The guitar solo from “Shake It Up” by The Cars may not be the best guitar solo of all time, but it is the most fun guitar solo of all time. That’s a fact in the Library of Congress.

Governor Shapiro, Altoona PD, and NYPD are taking a lotttttt of investigative credit considering they just picked up a guy fingered by a McDonald’s patron. Nice feed, WJAC.

New Jersey has some of the best pizza in the country. But not south Jersey. Your pizza is shit. Stop riding the coattails of the rest of the state.

When virtually every American is either shrugging at or actively cheering on the assassination of your CEO, I’m thinking that, as a company, you might want to reexamine your business plan. And maybe other industry leaders should do the same?

Sometimes, when I’m feeling low and beating myself up for making a mistake, I watch the “Dancing in the Street” video by Mick Jagger and David Bowie on YouTube to remind myself that even wildly-talented people can fuck up and do something cataclysmically horrible, yet bounce back from it.
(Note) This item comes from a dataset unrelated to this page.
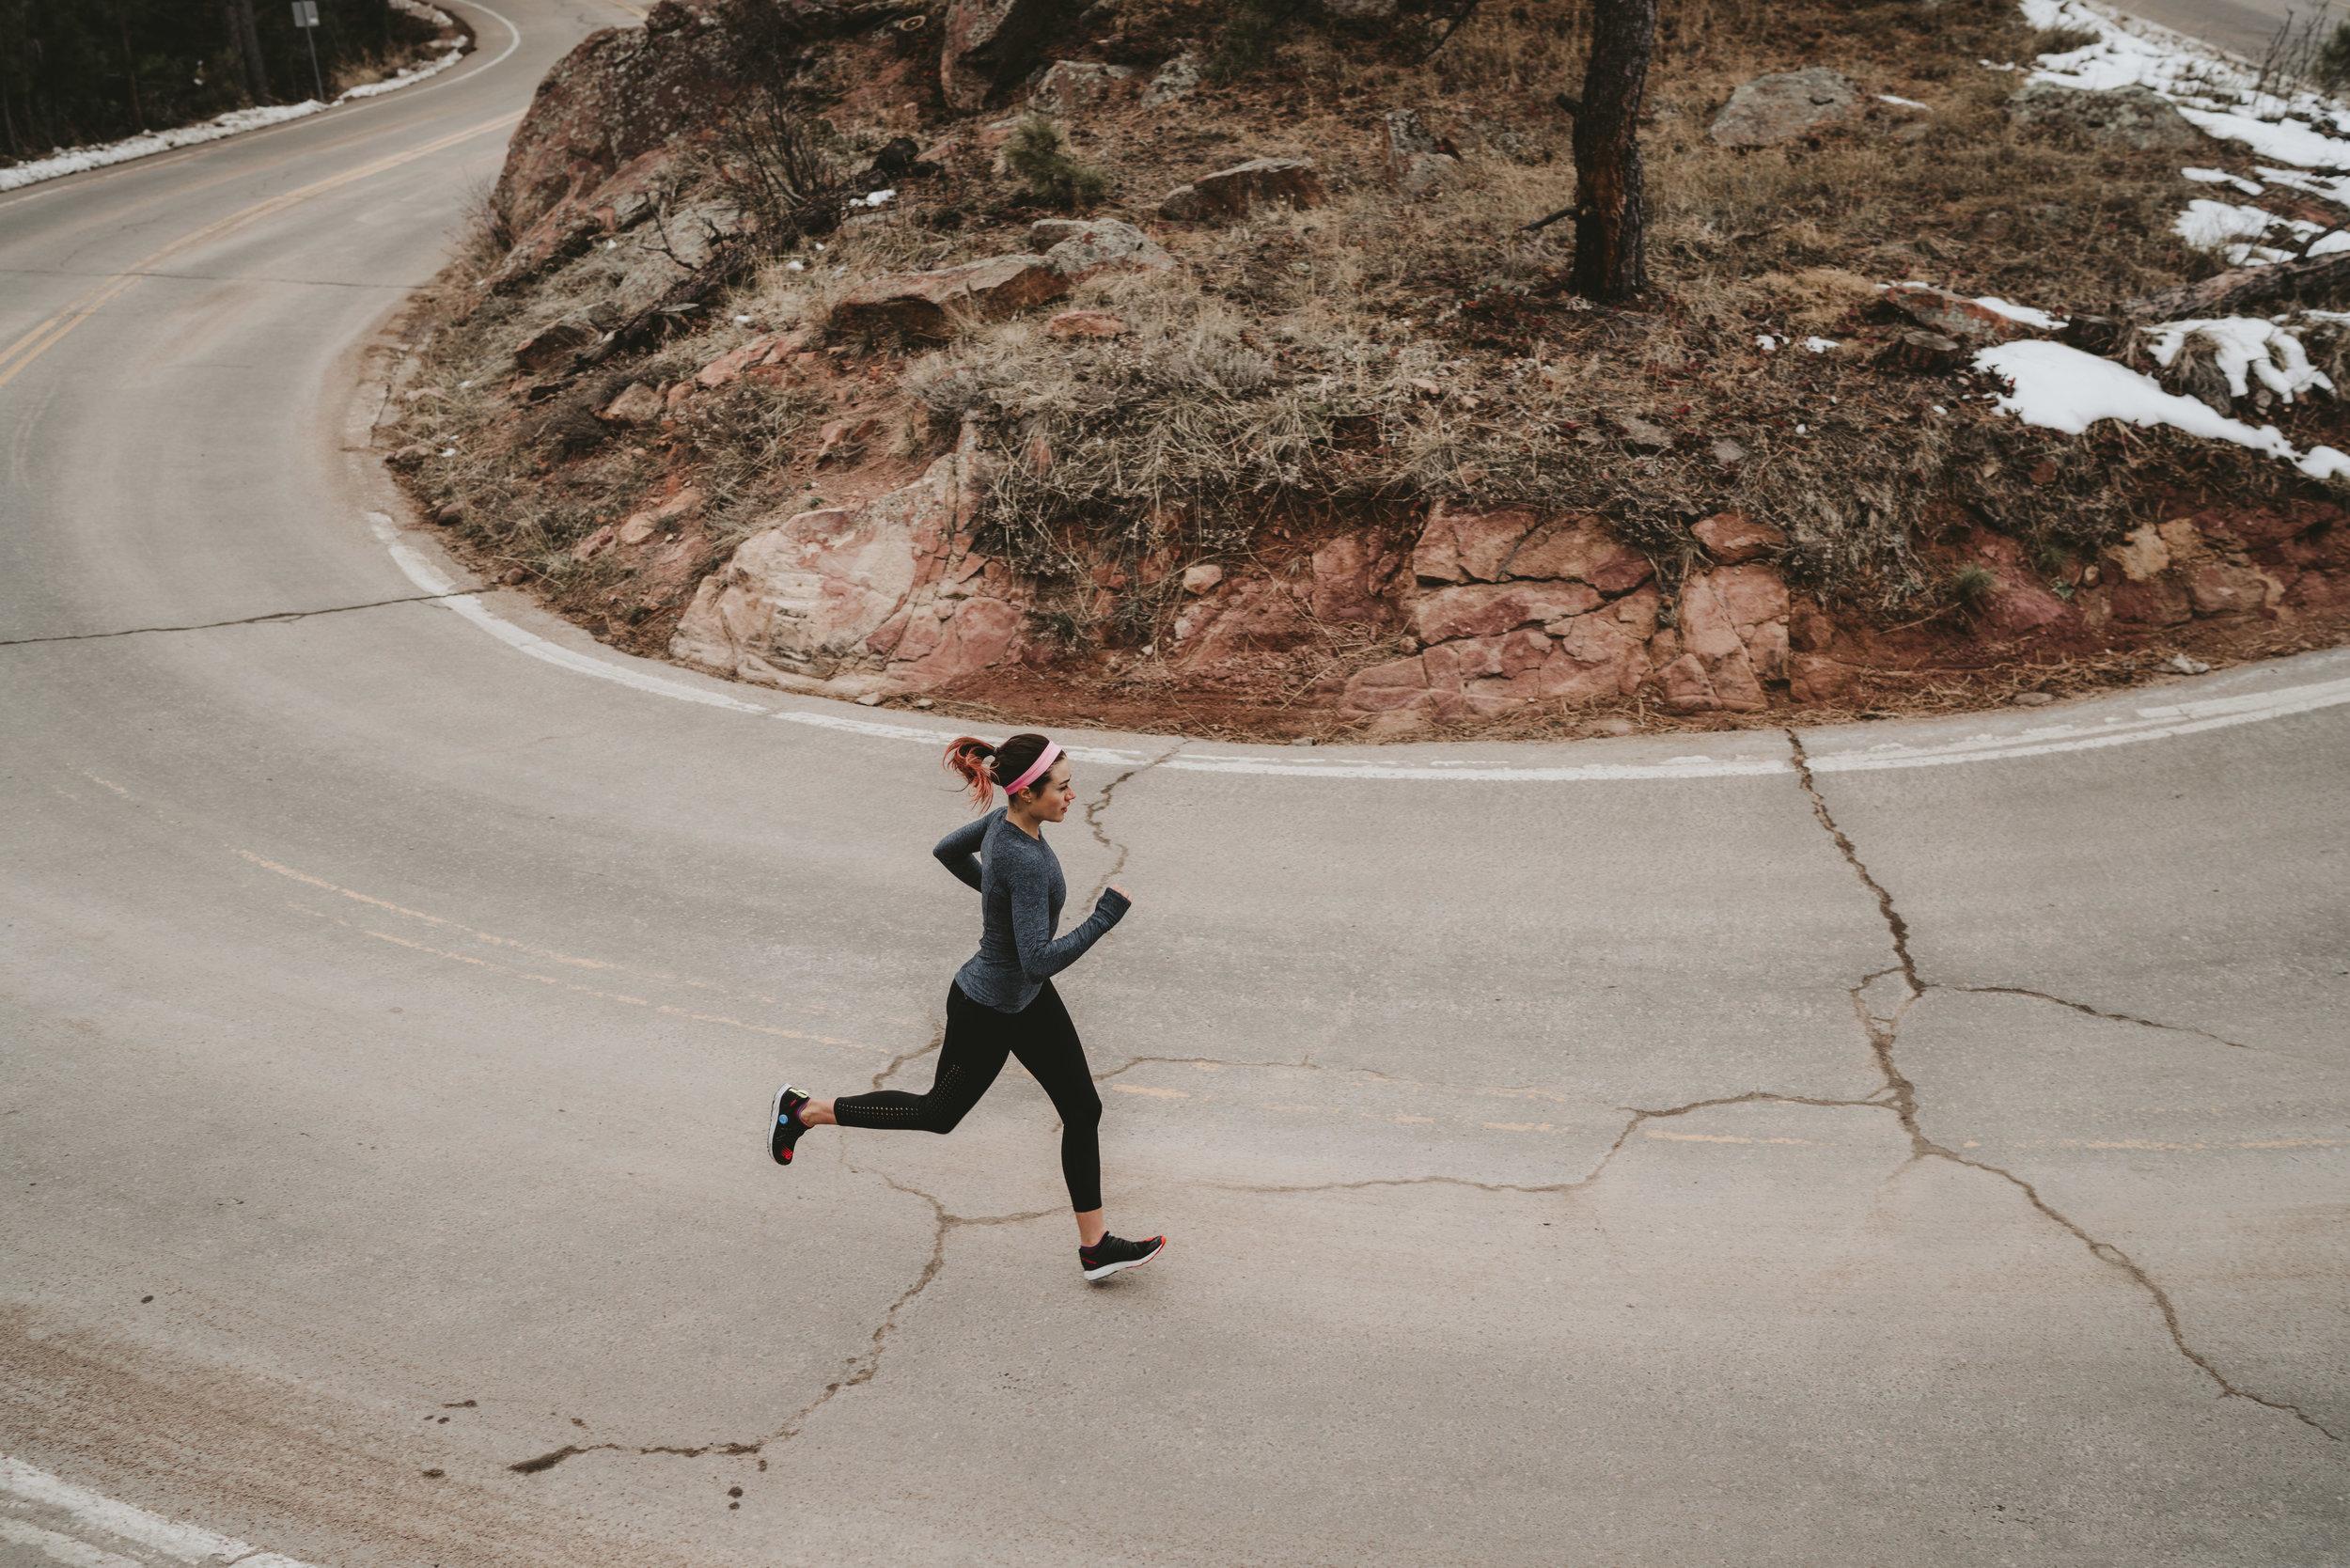 fitness-photographer-flagstaff-boulder-DSC07038.jpg
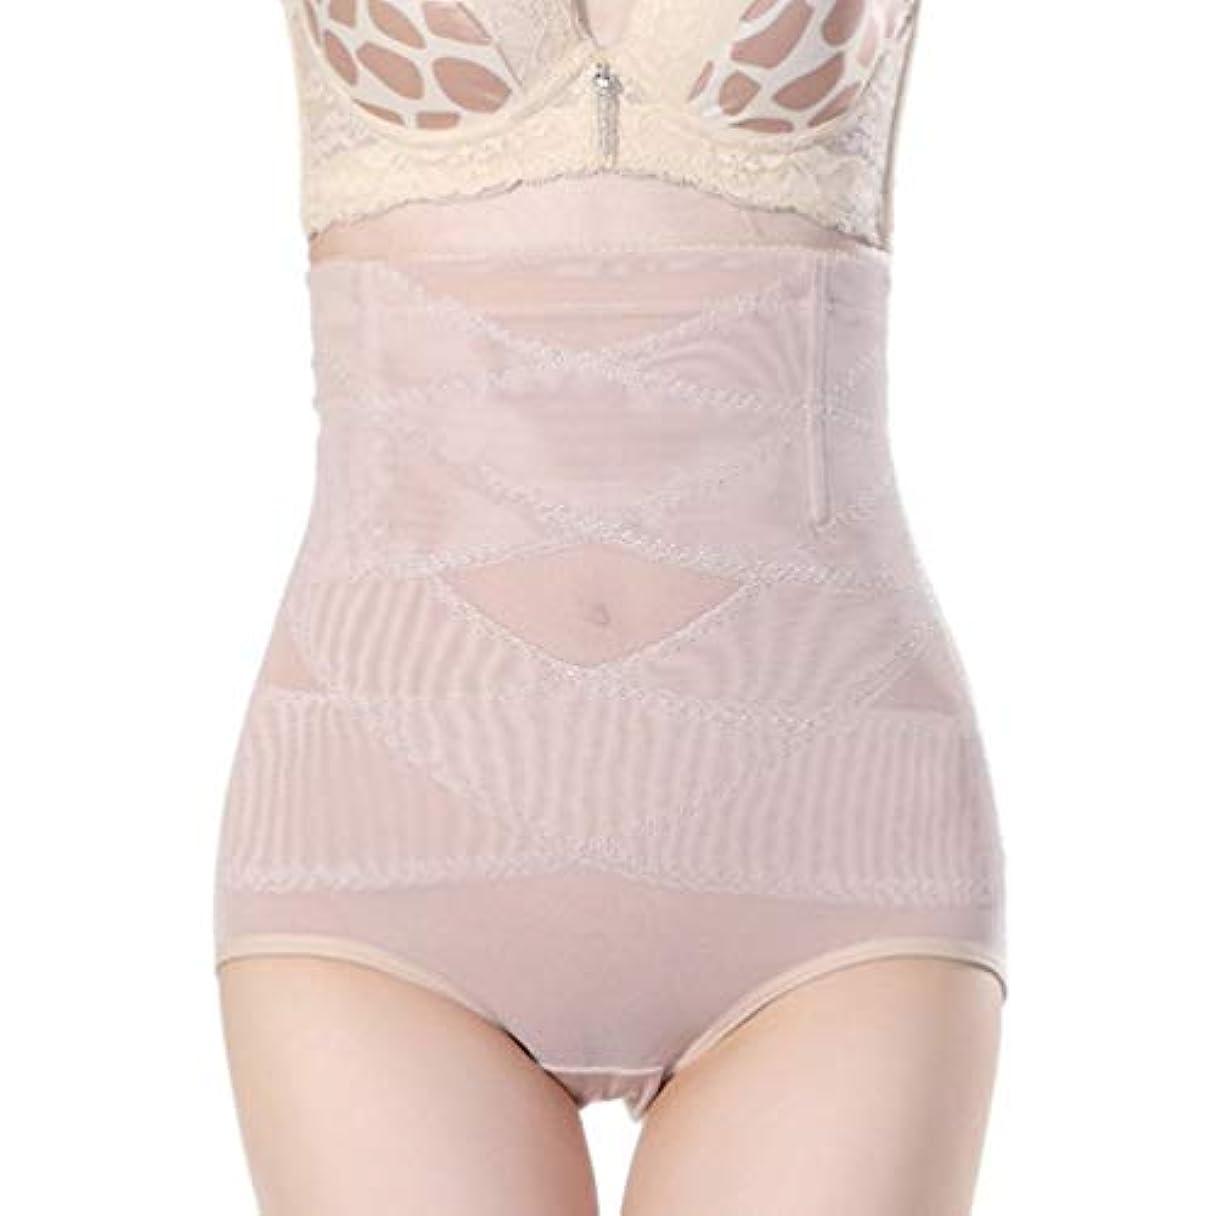 感謝するセクタテロ腹部制御下着シームレスおなかコントロールパンティーバットリフターボディシェイパーを痩身通気性のハイウエストの女性 - 肌色M

Good & Plenty doesn’t work on paper. It shouldn’t be a candy. And yet…

I find it hilarious that employees of the Lego Store have to wear aprons, as if the Lego business is particularly messy.

There are 9,165 CVS locations in the United States. That means that, as a company, CVS employs 9,165 people.

Is it possible to have the Hallmark Channel blocked? Like, if you call your cable company and ask them to have it deleted from your cable lineup, would they do it quietly, without telling anyone else in your household?

The secret to sounding like Michael McDonald is to sing like you just finished the fifty yard dash.

If Trump nominated Michael McDonald as Attorney General, I’d get behind it. Everyone would. Everyone likes Michael McDonald.

Looks like Elon Musk found a clever loophole to get around that whole natural-burn citizen requirement to become president.

It’s peaceful now, but it’ll get spicy when the trolls get bored over on Twitter. Then we’ll move to the next thing. Then they’ll follow. And this is how the barbarian invasion ended the Western Roman Empire.

Harry Chapin should have been in the same pantheon as Bob Dylan and John Prine.

There are few things more awkward than running into someone you know twice in the same trip to the grocery store. All you can do by the second meeting is that lips-pressed-together-while-raising-the-eyebrows thing. That's my specialty.

I never ever get tired of “I Wish” by Skee-Lo. I want it played at my funeral.